[ovirt-devel] new internal stable modules + proposal

Nir Soffer nsoffer at redhat.com
Tue Mar 29 17:36:38 UTC 2016


On Tue, Mar 29, 2016 at 7:44 PM, Martin Polednik <mpolednik at redhat.com> wrote:
> On 29/03/16 11:12 -0400, Francesco Romani wrote:
>>
>> Hi,
>>
>> in the last Vdsm developer call we agreed to promote a few modules in the
>> common repository.
>> The common repository provides the additional guarantees over regular
>> modules in lib/vdsm/
>>
>> - stable API
>> - (thus) safe to use across verticals
>>
>> the planned moves are:
>>
>> lib/vdsm/schedule.py -> lib/vdsm/common/schedule.py
>> lib/vdsm/periodic.py -> lib/vdsm/common/periodic.py
>> lib/vdsm/virt/api.py -> lib/vdsm/common/api.py
>>
>> Question is if those modules should go under common/ or under another
>> subdirectory, maybe infra?
>
>
> Hi.
>
> I agree that some modules should be kept (and advertised) as stable.
>
> The name 'common' is more suited for such package as 'infra' is very ovirt
> specific and could hurt readability and navigation of the project.
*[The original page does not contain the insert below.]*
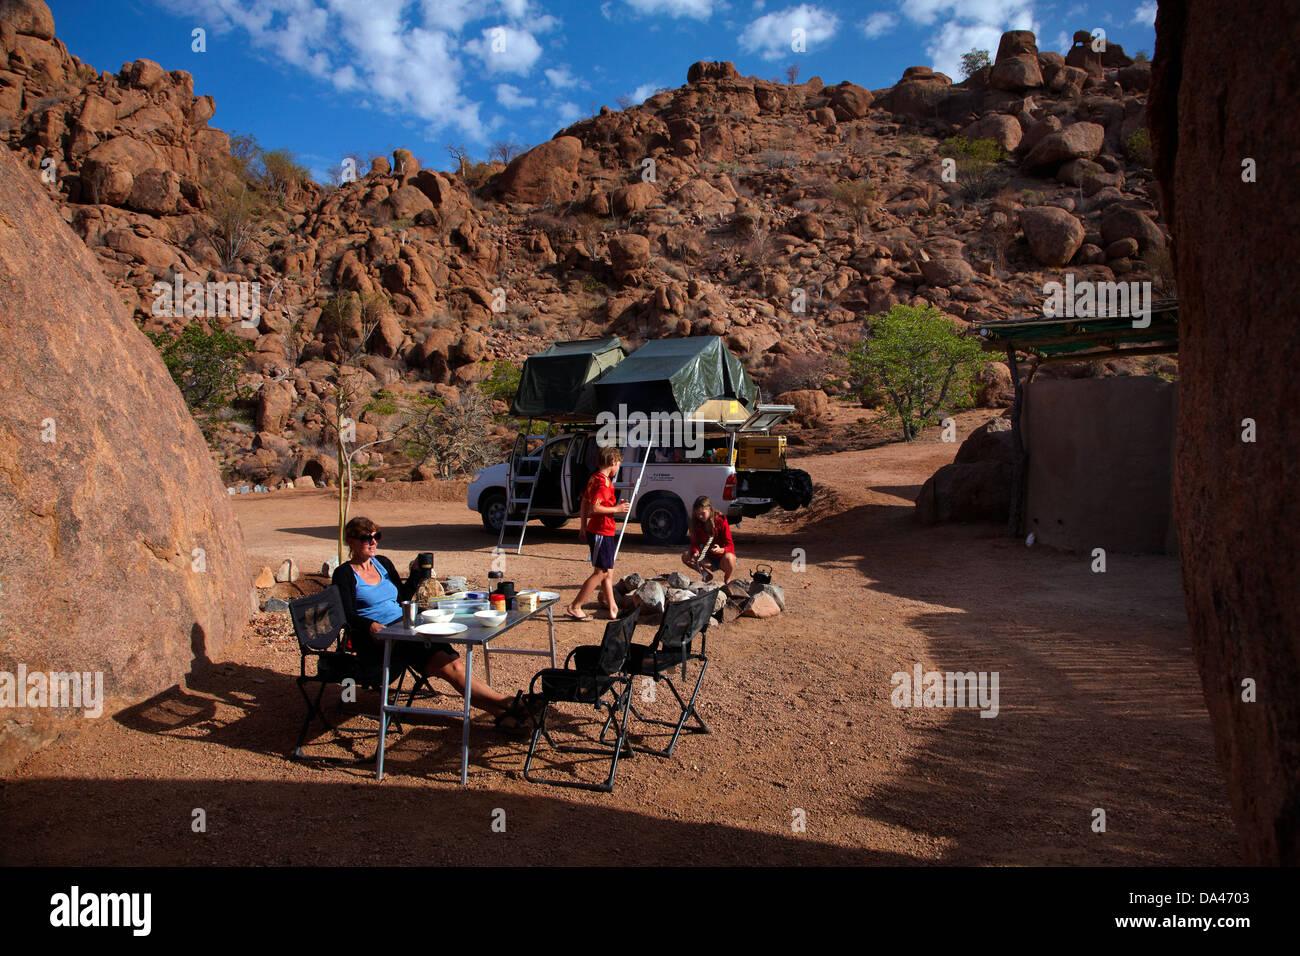 Family camping at Mowani Mountain Camp, near Twyfelfontein, Damaraland, Namibia, Africa Stock Photo

It does
> make sense to structure the project as follows:
>
> lib/vdsm/common
> lib/vdsm/virt/common
> lib/vdsm/storage/common
> lib/vdsm/network/common

This creates a dependency between the packages. The goal is to have
packages that do
not depend on each other except the common package, which is library
code used by
other parts.

> Taking extra care taken to avoid 'common junkyard' situation and
> making sure that the scope of common corresponds to it's package.
>
> List of modules that I consider public (mostly author/main contributor
> of these lately):
>
> lib/vdsm/cpuarch.py
> lib/vdsm/cpuinfo.py
> lib/vdsm/hostdev.py
> lib/vdsm/machinetype.py
> lib/vdsm/numa.py
> lib/vdsm/osinfo.py
> lib/vdsm/udevadm.py

+1

>> Lastly, i have a proposal about better handling of those modules.
>>
>> First, the mere fact a module is placed under lib/vdsm/common provides the
>> extra guarantees I mentioned.
>> But should we added more annotations?
>>
>> for example something like
>>
>> __API__ = {}
>>
>> near the top of the module
>>
>> if this attribute exist, then the module is safe to use across verticals,
>> has stable API and so forth
>> (this is _in addition_ to the common/ package, not as replacement).
>>
>> Like:
>>
>> __API__ = {
>>  "introduced-in": "4.14.0",
>>  "deprecated-from": "4.18.0",
>>  "removed-at": "4.20.0",
>>  "contact": "fromani at redhat.com"
>> }
>>
>> We could refine further this concept if we like it. The idea is to be
>> lightweight as possible while
>> carrying all the information we need.
>
>
> I agree about keeping global metadata in that way, except ideally
> using docstrings for better readability (e.g. interactive help()). To
> better reflect the needs for granular deprecation and based on our
> private discussion on this subject, I'd like to see at least
> @deprecated(target_removal_version) decorator. On top of that, we need
> properly documented public API and deprecation process.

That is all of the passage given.